# This makes me want to have a baby



## smrobs (Jul 30, 2008)

OMG ROFLOL. That was just too adorable.


----------



## RusticWildFire (Jul 6, 2008)

OH my goodness!! That is one of the cutest things I have seen in a long time! Thanks for sharing  

And I second that...it makes me want to have a baby even more now!  Poo on school.


----------



## free_sprtd (Oct 18, 2007)

ahahhhaha I was cracking up the whole time! thanks for sharing


----------



## appylover31803 (Sep 18, 2007)

That was too cute! It looked like he was really enjoying it!
I loved the first time he rolled.. and rolled and rolled and rolled!

Thanks so much for sharing that!


----------



## my2geldings (Feb 18, 2008)

GottaRide said:


> YouTube - Tempo's First "Bath"


That was the weirdest feeling ever. I knew it would a video to that song before it played:shock: I must have seen it at some point and just don't remember it or that is just creepy.

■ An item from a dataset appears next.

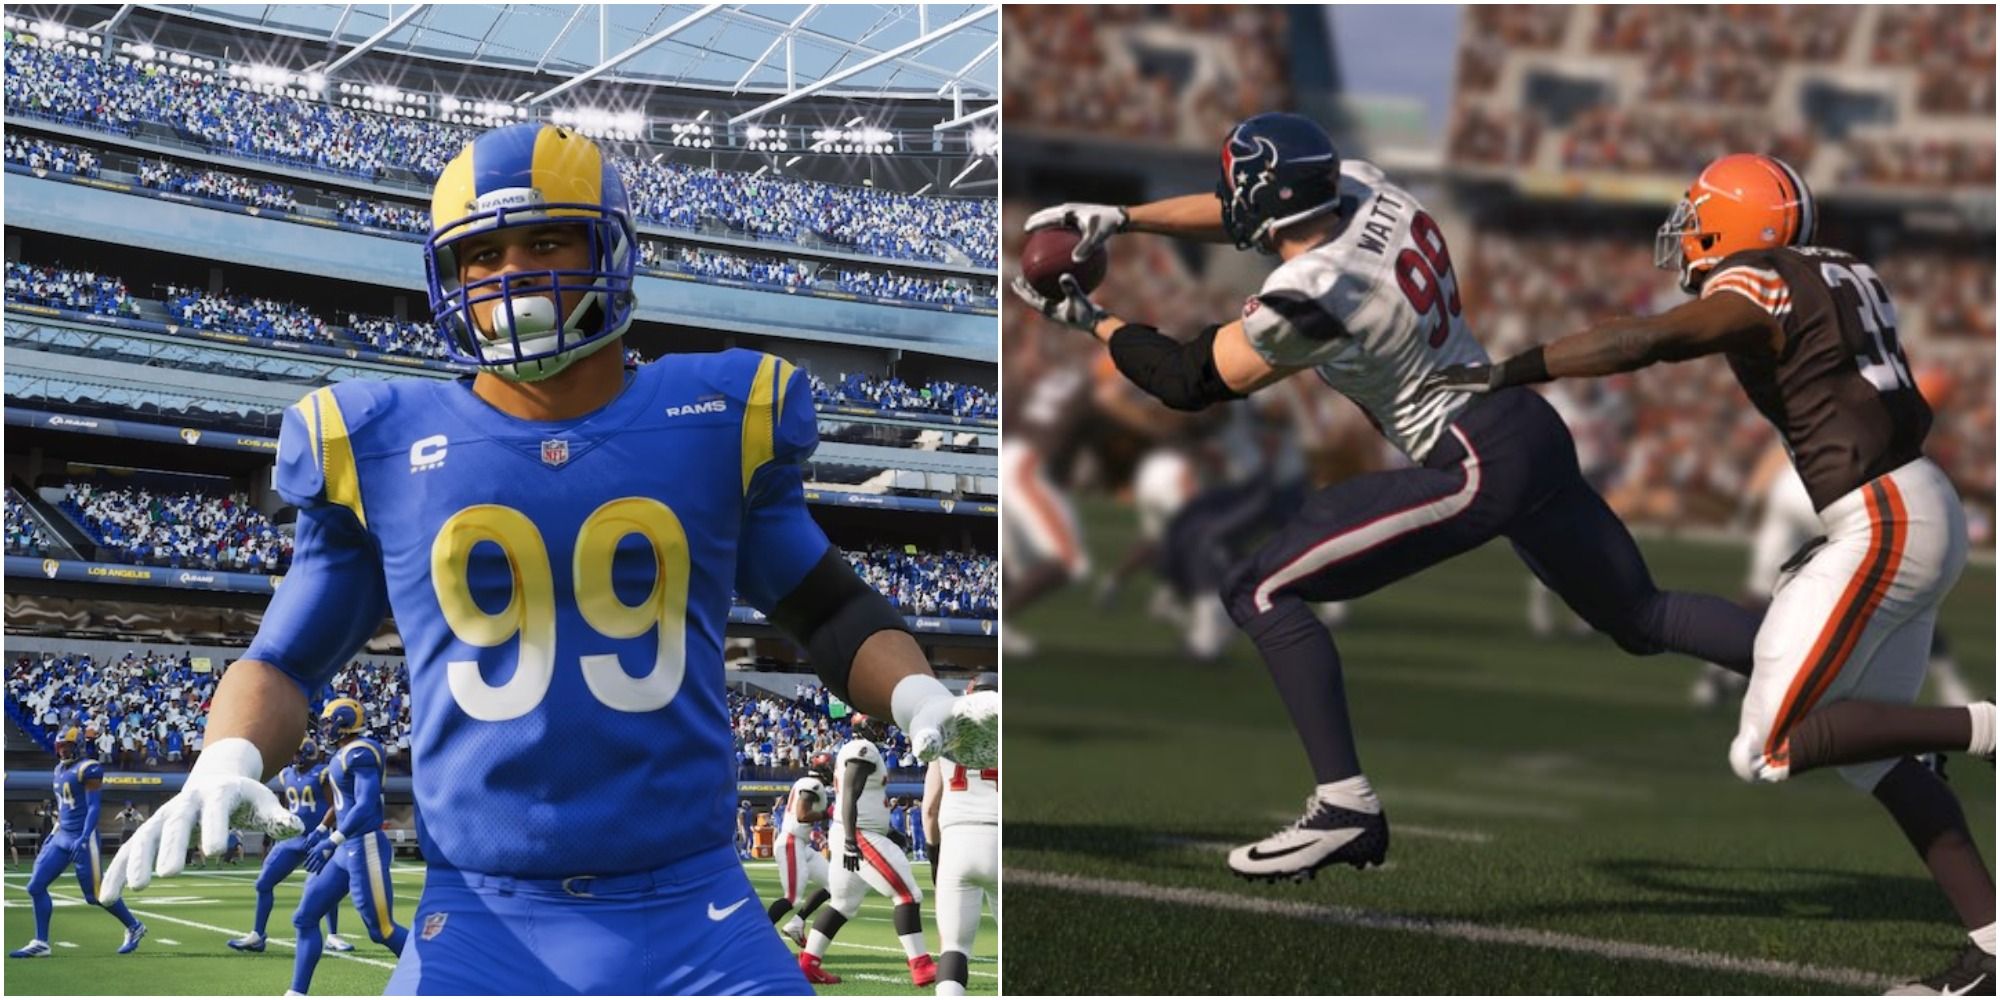 Madden NFL 22 Top Rated DLs Collage JJ Watt And Aaron Donald

That was the most adorable foal I have ever seen. What a cute little thing! I'm dreading the day I have to show the wash rack to my guy.


----------



## Spastic_Dove (Oct 4, 2007)

Too cute. I would love a baby! Too bad I already have my hands full with a 10 year old lol


----------



## wanderlust (Nov 18, 2008)

I really want a baby too!


----------



## my2geldings (Feb 18, 2008)

LADIES don't be fooled by their cuteness! my guy isn't always as adorable as he might sound:twisted: he's got manipulation down to an art :lol:


----------



## blossom856 (Apr 5, 2007)

I loved that! Babies are so silly.


----------



## Hoofprints in the Sand (Nov 23, 2008)

So cute!!


----------



## Sara (Jul 6, 2007)

Wow, that really made my day, thank you! :lol:


----------